I don't recall reading or even hearing of Hogan's Trilogy, but I'm sure I stole that phrase from somewhere, rather than thinking of it myself.

Although I see carnovorism as offering certain evolutionary efficiencies in accreting sufficient high quality nutrition, I've also thought that predators and prey seem to expend an awful lot of energy running around chasing and evading that could otherwise be used for more productive pursuits, and wondered if perhaps nature could have found another way to create evolutionary pressure.

Jeff
Posted by: LED

Re: Do you believe? - 07/29/08 12:07 AM

Originally Posted By: Jeff_McCann

Still, suppose a flying saucer descends on the White House Lawn. The President calls you for advice because of the noticable brilliance you've displayed in this forum.

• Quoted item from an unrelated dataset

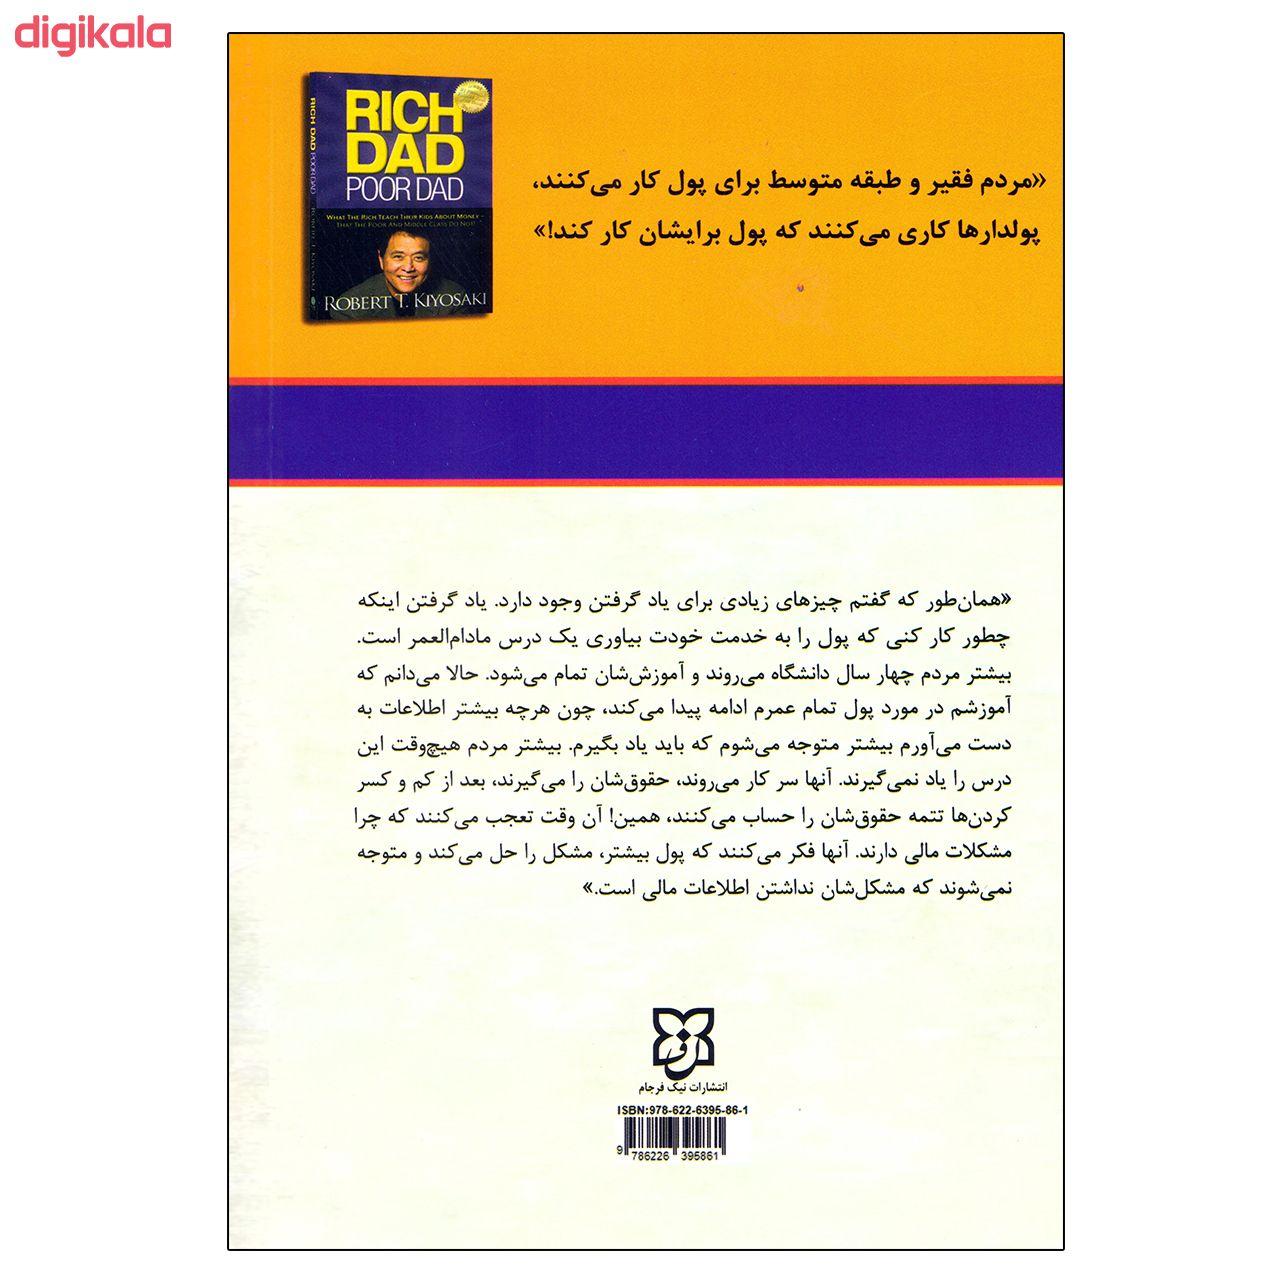 کتاب پدر پولدار پدر بی پول اثر رابرت کیوساکی نشر نیک فرجام main 1 1

What do you tell him.
Jeff


I'd tell him not to [censored] off Gort.
Posted by: ironraven

Re: Do you believe? - 07/29/08 12:13 AM

I agree it is there, but I don't see it being a major driving force when stacked against economic ones.
Posted by: Blast

Re: Do you believe? - 07/29/08 02:32 AM

Quote:
I'd tell him not to [censored] off Gort.


LOL!!!!

-Blast
Posted by: ironraven

Re: Do you believe? - 07/29/08 10:22 AM

I'd give that advice to any one.
Posted by: Nicodemus

Re: Do you believe? - 07/29/08 01:41 PM

Originally Posted By: LED
I'd tell him not to [censored] off Gort.


HAHA! laugh
Posted by: Susan

Re: Do you believe? - 07/29/08 04:13 PM

"That's why we can never understand the mind of an alien unless we actually meet them."

That's no guarantee at all. Think 'job interview' or 'courtship'. Nice behavior up front, really lousy on a daily basis afterward. How would we know if they were lying or telling the truth?

We don't even know how cats think, and we've been around them for a few thousand years, at least.

I do remember a comment from many years ago, something about "we suspect that aliens are smarter than we are, but not as good-looking". In a country where the people are trained to evaluate other people based on their appearance, if the aliens are handsome or cute, we don't have a prayer.

Sue
Posted by: Art_in_FL

Re: Do you believe? - 07/30/08 01:49 AM

Originally Posted By: CityBoyGoneCountry

I'll add a fourth:

-Curiosity


I think that is the most powerful reason. Humans want to know. We want to know and not just know in the form of pictures and data streams. We want to know what it feels like to be there. We want to know the effect of unique locations, and the trip getting there, has on a person.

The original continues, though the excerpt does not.